I skip ahead now and again. I'm maybe five or six,
a child unaware except of reassuring love,
the safety of my grandfather's calm smile
to dote on his single grandchild.
The rest are gone, to freer, warmer climes.

I turn to watch the weary, patient smile,
the hand bent--unnaturally sharply and held in front,
his elbow tight against his side, visible trace
of injury nearly as old as his long life.
A dapper man, his pants' ironed crease
exactly so, a woman's touch, his brown cardigan
buttoned against the breeze off the river bringing the smell
of the delta and the sea into the city streets.

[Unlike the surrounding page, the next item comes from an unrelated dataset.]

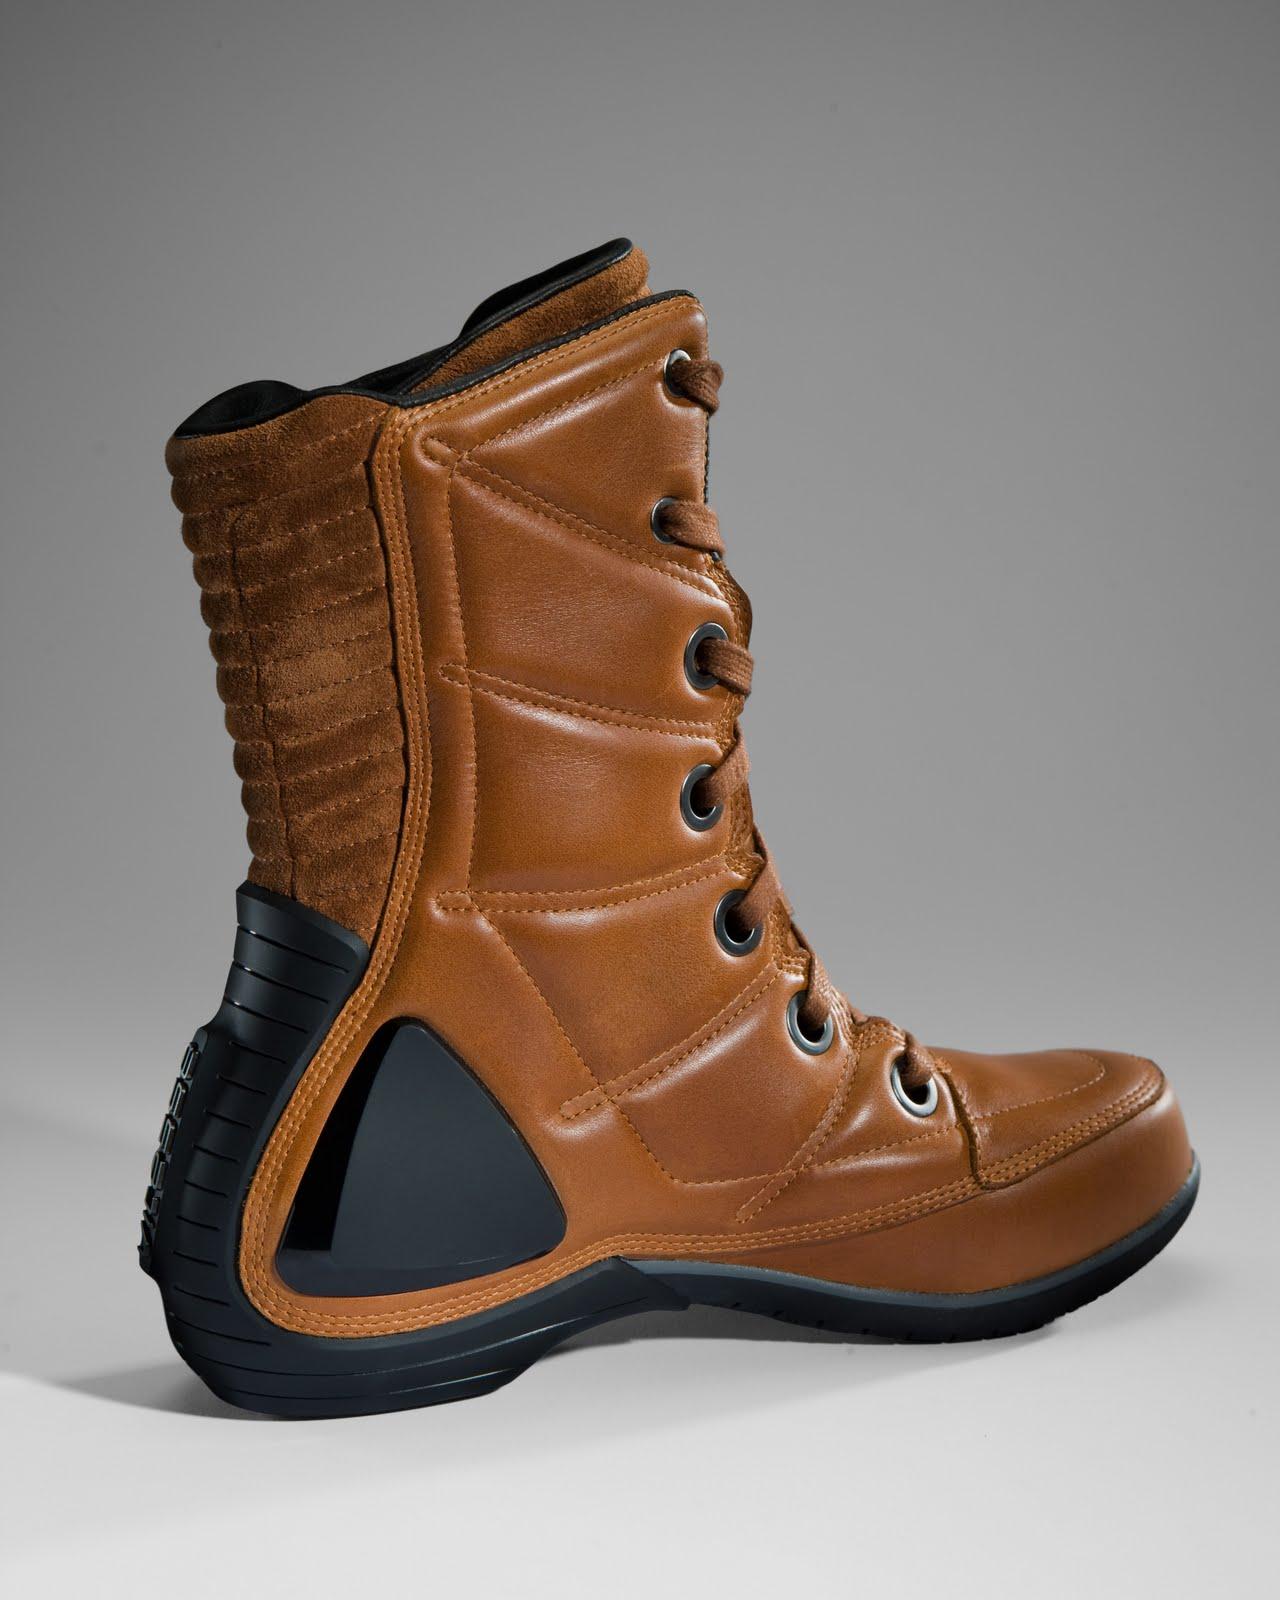 acheter bottes moto vintage daytona baskets chaussures pour femme et homme fradett. Black Bedroom Furniture Sets. Home Design Ideas

The tree-shade offers its cool embrace
against late-summer sun.

He tells me stories, sings me songs - speaks
in soft tones of people and places far away,
in lands I don't dream to ever know. It's just another
afternoon, returning from a shopping trip,
a net bag dangling from his good hand.
And on ahead I skip, enjoying sunshine
fractured by the canopy above.

We pass the house with flowers planted
'round the sidewalk trees, the roses in full
bloom wafting their sweet, intoxicating scent.

I swoop and break one off to take with me
in memory of the day, and laugh with deepest glee
when, out of nowhere, whack!
The slap was loud and hard.

The wizened woman crackled with fury, and roared,
"How dare you? Are those your flowers?
Is
this how you were taught?"

My eyes streamed tears, as much in shock as pain.

"Those are my roses! I worked hard to keep them safe,
the only beauty in this godforsaken wretched land of gray.
Go home and think on your mistake, and if I catch you
tearing them again, you'll hear from me!" And she stormed off.

I looked for my savior to protect me. But all he said
was, "If you want one, ask. They were not yours to take."